• _ASSIGNMENT_: Please output the data exactly, minus pictures.

• _DATA SEGMENT_:
※ ※ ※
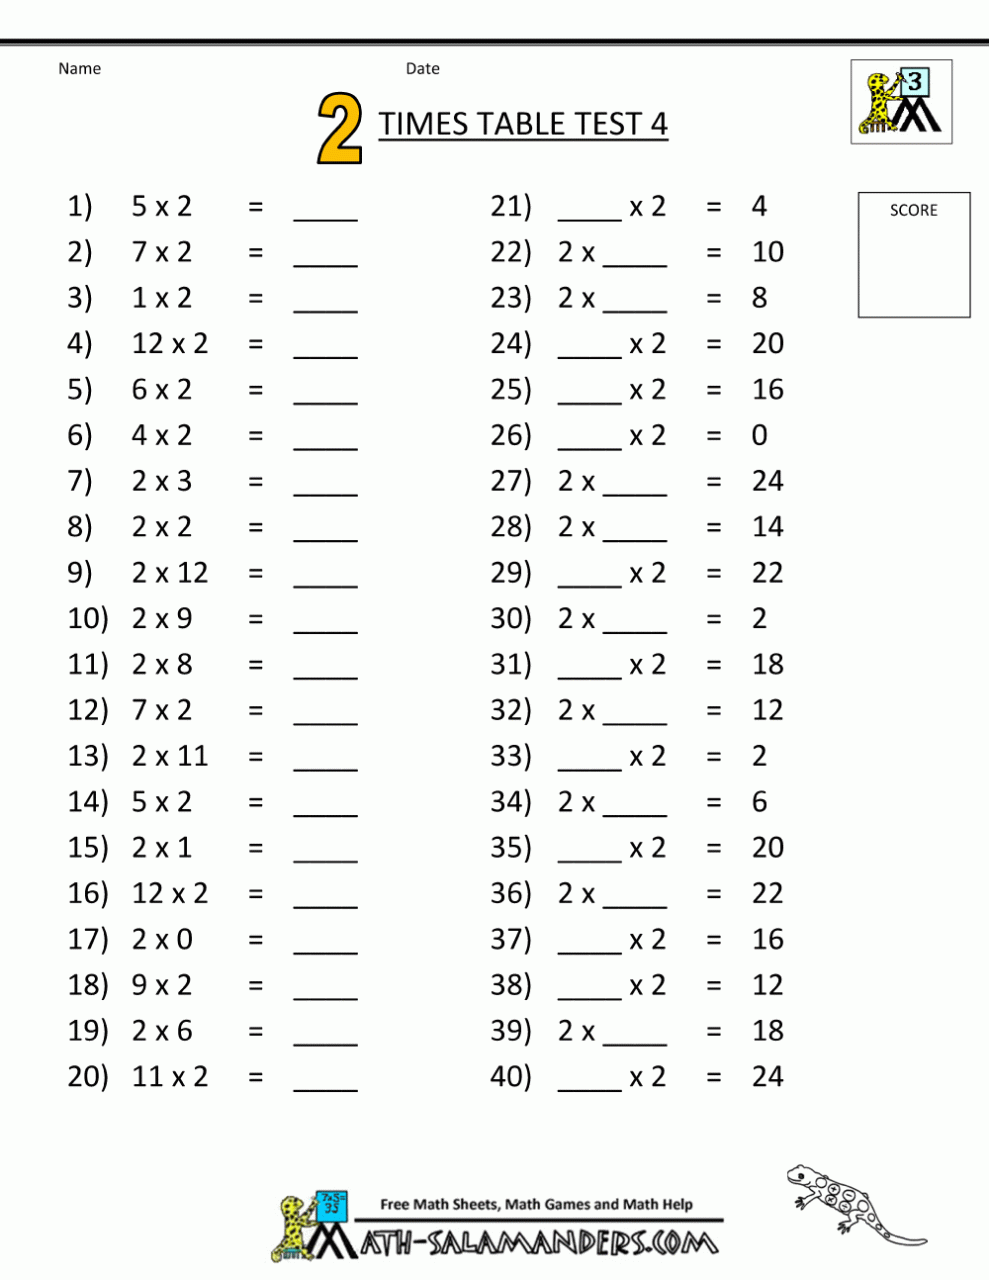 multiplication-worksheets-2-times-tables-thekidsworksheet
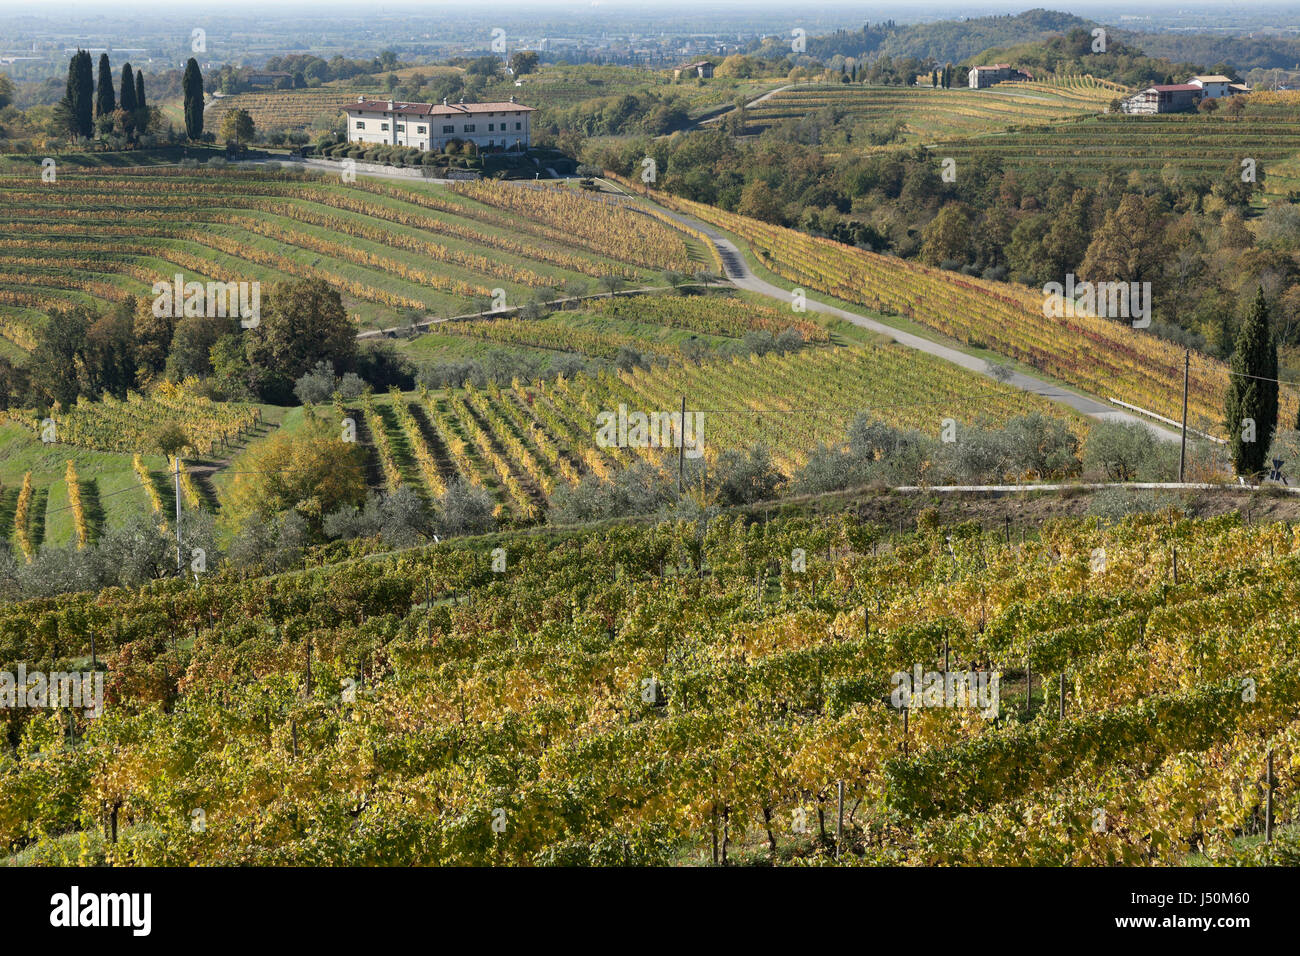 View of vineyards of Collio, Abbey of Corno di Rosazzo, Friuli, Italy Stock Photo
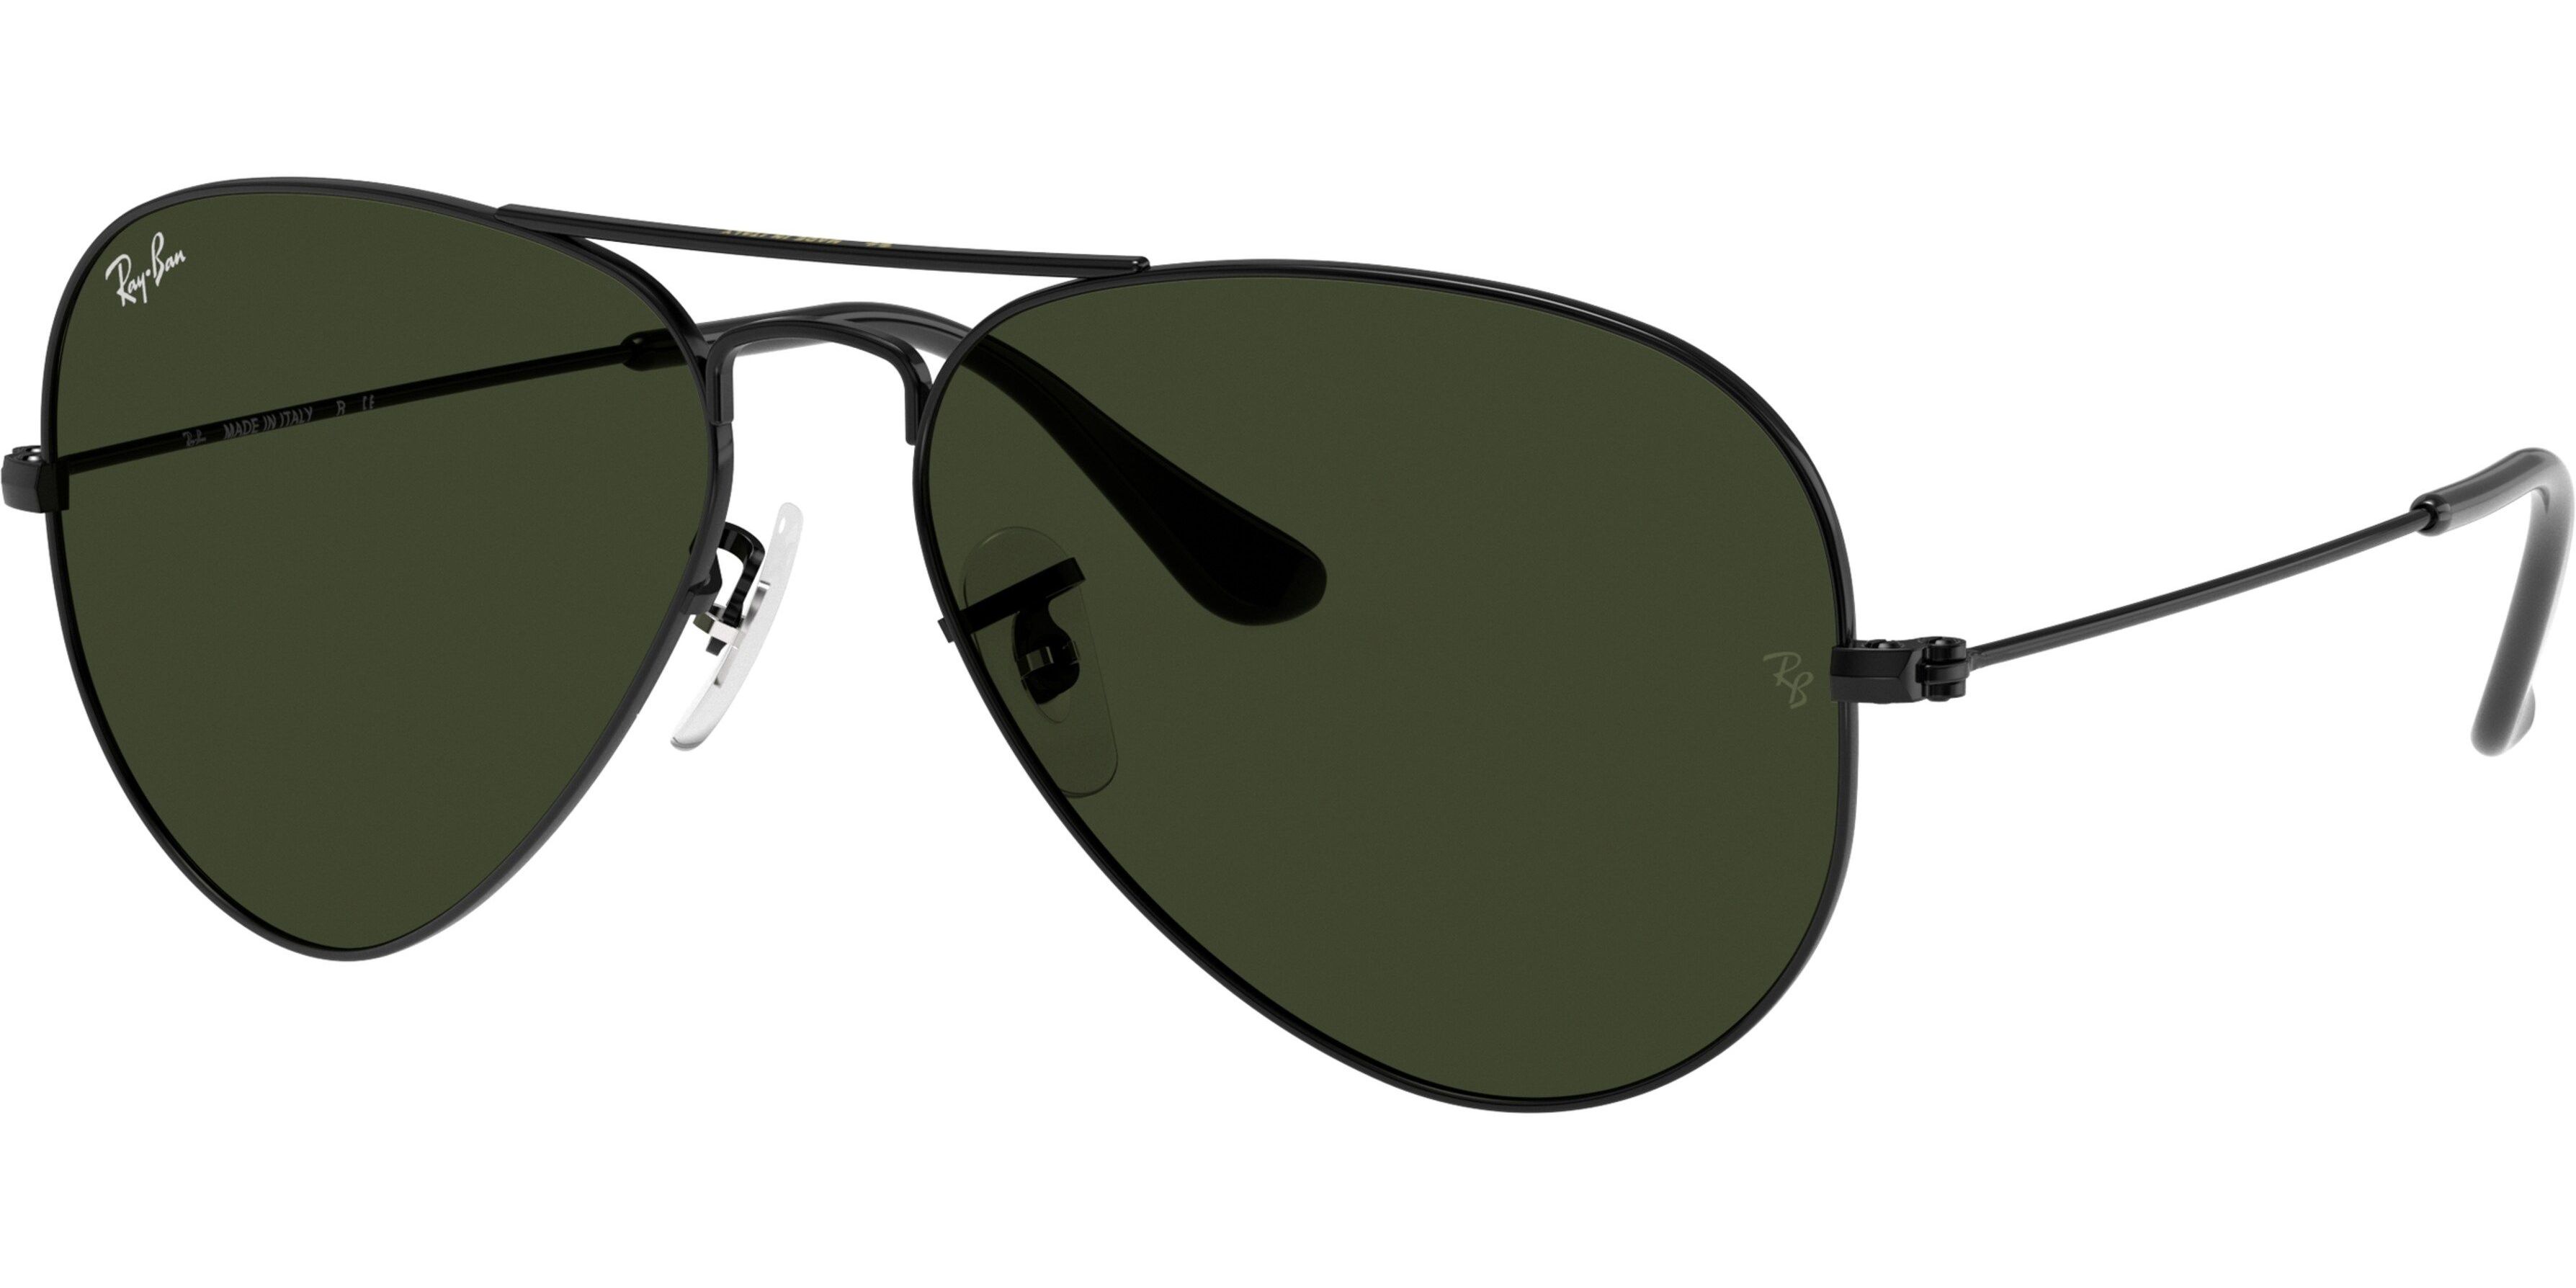 Sluneční brýle Ray-Ban® model 3025, barva obruby černá lesk, čočka zelená, kód barevné varianty L2823.
※ ※ ※
• _REPLY TO THE TASK_:
 multiplication-worksheets-2-times-tables-thekidsworksheet
 View of vineyards of Collio, Abbey of Corno di Rosazzo, Friuli, Italy Stock Photo
 Sluneční brýle Ray-Ban® model 3025, barva obruby černá lesk, čočka zelená, kód barevné varianty L2823.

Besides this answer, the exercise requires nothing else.